This message was automatically generated.



> Misconfigured addition of peers leads to cluster shutdown.
> ----------------------------------------------------------
>
>                 Key: HBASE-22601
>                 URL: https://issues.apache.org/jira/browse/HBASE-22601
>             Project: HBase
>          Issue Type: Bug
>    Affects Versions: 1.3.2
>            Reporter: Rushabh S Shah
>            Assignee: Rushabh S Shah
>            Priority: Major
>
> Recently we added a peer to a production cluster which were in different kerberos realm.
> *Steps to reproduce:*
>  1. Add a misconfigured peer which is in different kerberos realm.
>  2. Remove that peer.
>  3. All region servers will start to crash.
> *RCA*
>  Enabled trace logging on one Region server for a short amount of time.

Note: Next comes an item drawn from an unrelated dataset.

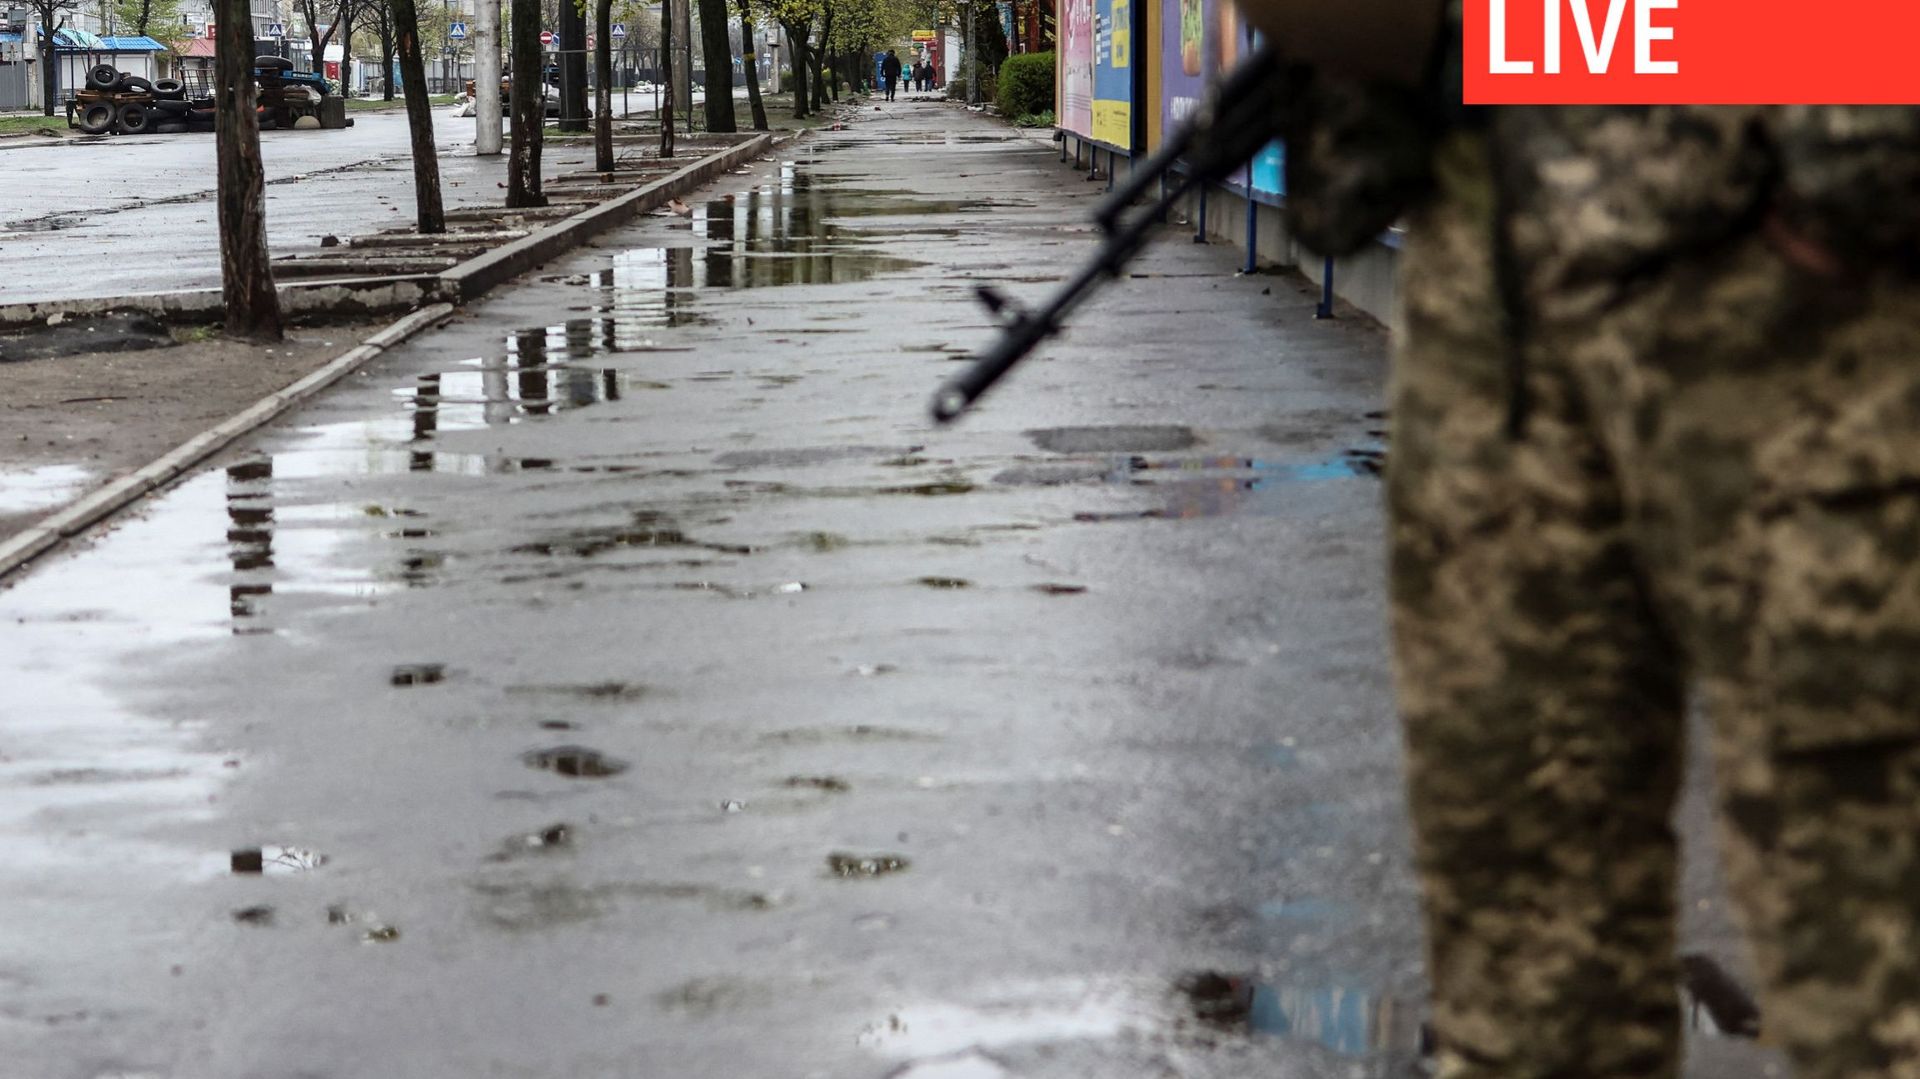 Guerre en Ukraine : cessez-le-feu annoncé à Marioupol, Poutine "responsable de crimes de guerre" selon Scholz... Revivez la journée du mardi 19 avril

>  After adding peer, saw the following log lines.
> {noformat}
> 2019-06-18 22:19:20,949 INFO  [main-EventThread] replication.ReplicationTrackerZKImpl - /hbase/replication/peers znode expired, triggering peerListChanged event
> 2019-06-18 22:19:20,992 INFO  [main-EventThread] replication.ReplicationPeersZKImpl - Added new peer cluster=<dev-cluster-zookeeper>:/hbase
> 2019-06-18 22:19:21,113 INFO  [main-EventThread] zookeeper.RecoverableZooKeeper - Process identifier=hconnection-0x794a56d6 connecting to ZooKeeper ensemble=<dev-cluster-zookeeper>
> 2019-06-18 22:20:01,280 WARN  [main-EventThread] zookeeper.ZKUtil - hconnection-0x794a56d6-0x16b56265fbebb1b, quorum=<dev-cluster-zookeeper>, baseZNode=/hbase Unable to set watcher on znode (/hbase/hbaseid)
> org.apache.zookeeper.KeeperException$AuthFailedException: KeeperErrorCode = AuthFailed for /hbase/hbaseid
>         at org.apache.zookeeper.KeeperException.create(KeeperException.java:123)
>         at org.apache.zookeeper.KeeperException.create(KeeperException.java:51)
>         at org.apache.zookeeper.ZooKeeper.exists(ZooKeeper.java:1102)
>         at org.apache.hadoop.hbase.zookeeper.RecoverableZooKeeper.exists(RecoverableZooKeeper.java:220)
>         at org.apache.hadoop.hbase.zookeeper.ZKUtil.checkExists(ZKUtil.java:421)
>         at org.apache.hadoop.hbase.zookeeper.ZKClusterId.readClusterIdZNode(ZKClusterId.java:65)
>         at org.apache.hadoop.hbase.client.ZooKeeperRegistry.getClusterId(ZooKeeperRegistry.java:105)
>         at org.apache.hadoop.hbase.client.ConnectionManager$HConnectionImplementation.retrieveClusterId(ConnectionManager.java:922)
>         at org.apache.hadoop.hbase.client.ConnectionManager$HConnectionImplementation.<init>(ConnectionManager.java:706)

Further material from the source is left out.